How to complete this task
The entries below contain pictures, which are to be left out; write out exactly, and only, the lines from the line with "An opportunity to" up to and including the line with "It's becoming quite".

:: Records supplied ::

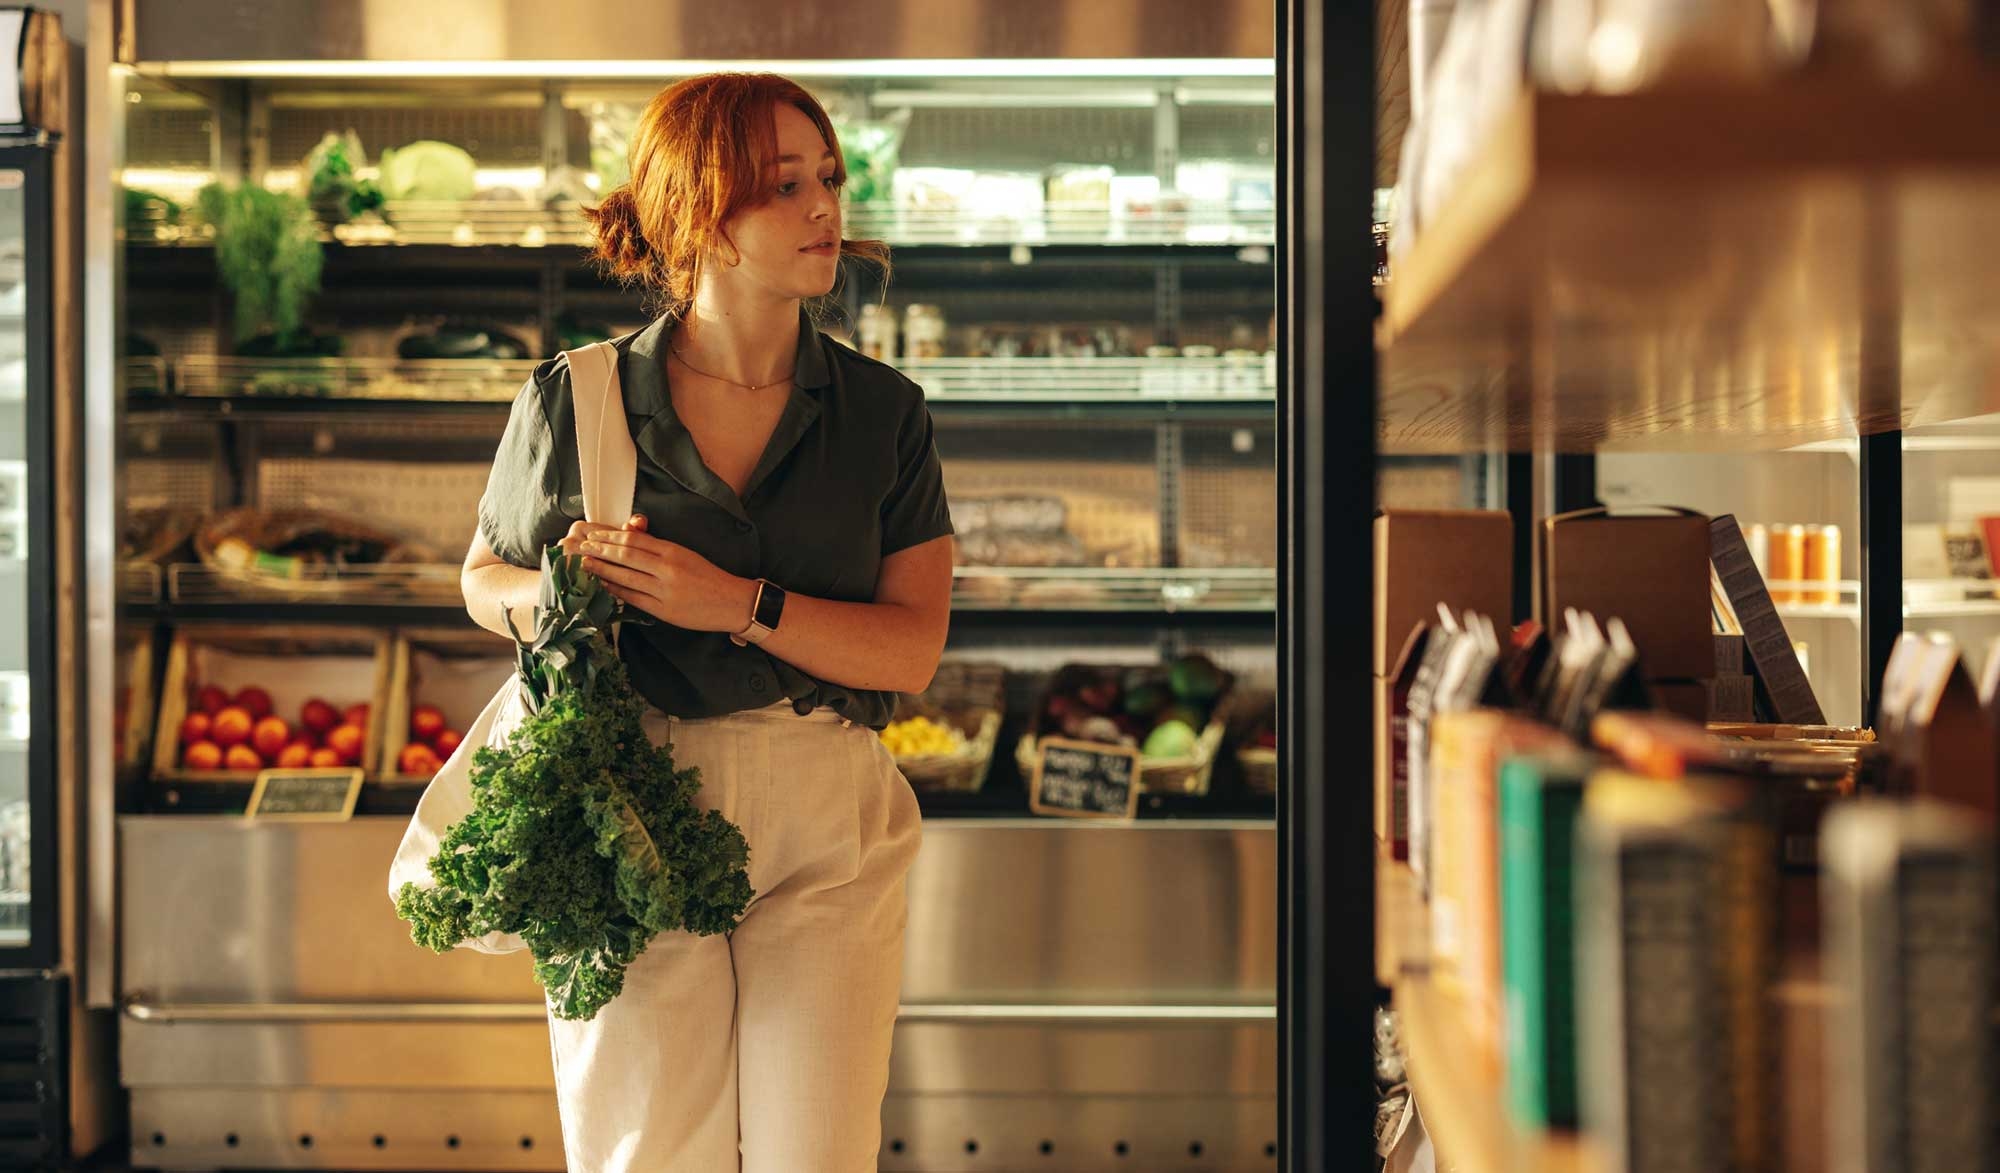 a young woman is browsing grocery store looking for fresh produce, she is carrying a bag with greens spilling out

:::
:: Records supplied ::

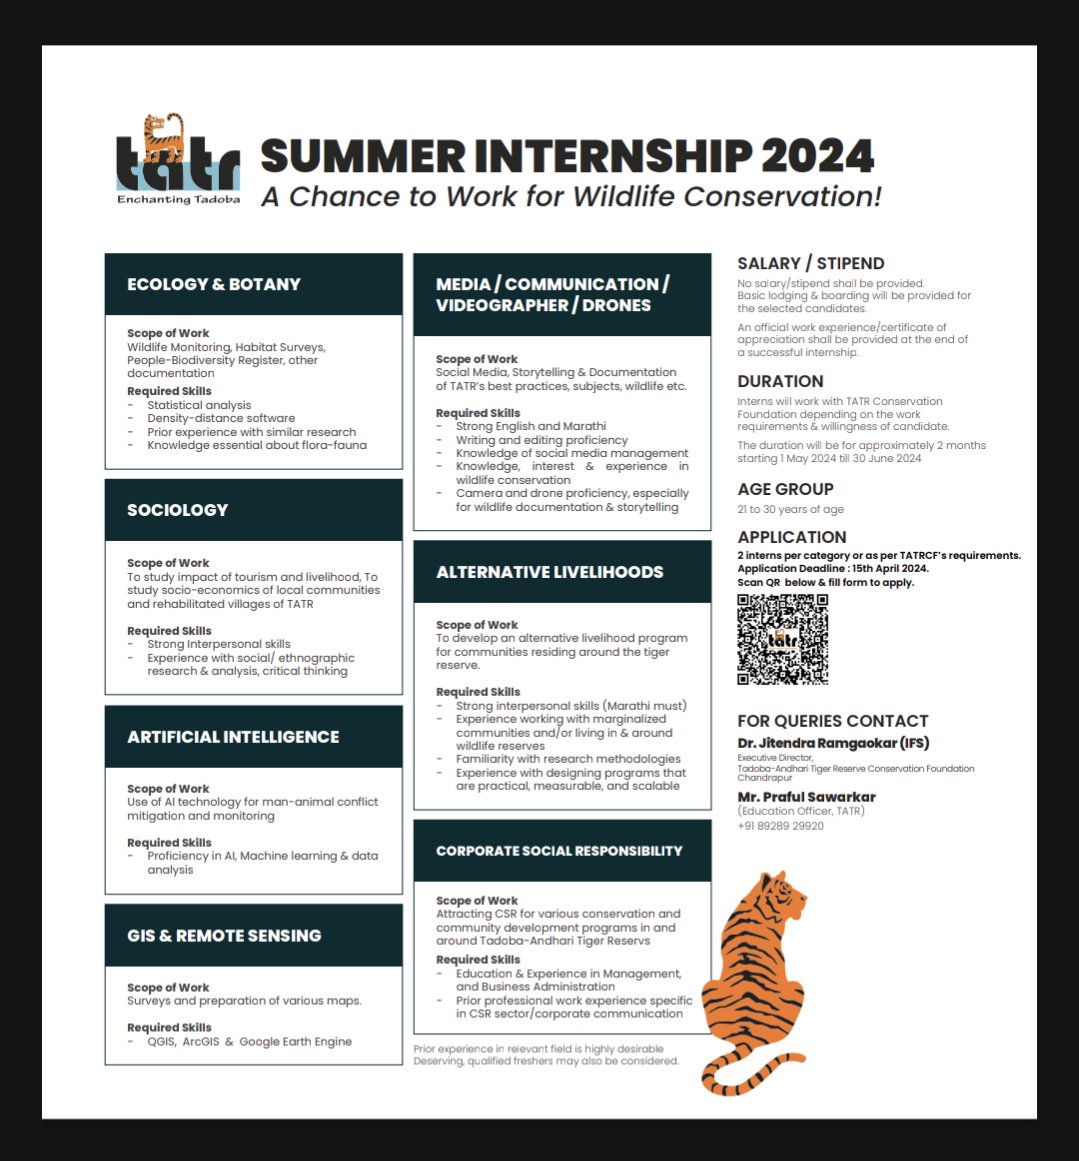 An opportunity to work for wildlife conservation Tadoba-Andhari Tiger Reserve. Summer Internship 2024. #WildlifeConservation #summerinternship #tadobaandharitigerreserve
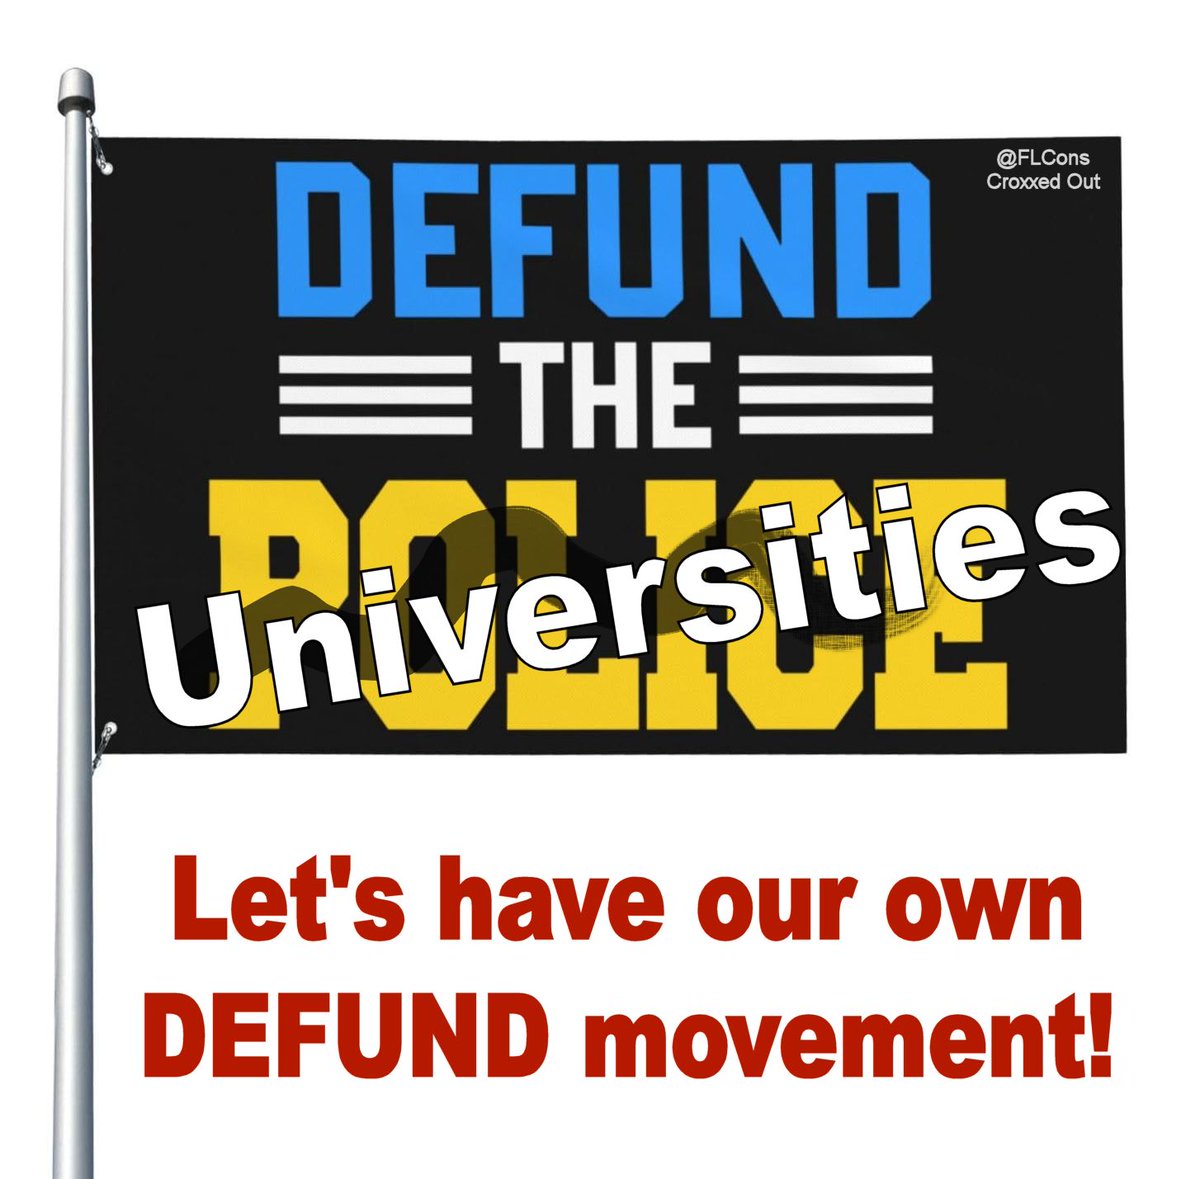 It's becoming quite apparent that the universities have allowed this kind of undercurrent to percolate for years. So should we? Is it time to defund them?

:::

Result of the task
 An opportunity to work for wildlife conservation Tadoba-Andhari Tiger Reserve. Summer Internship 2024. #WildlifeConservation #summerinternship #tadobaandharitigerreserve
 It's becoming quite apparent that the universities have allowed this kind of undercurrent to percolate for years. So should we? Is it time to defund them?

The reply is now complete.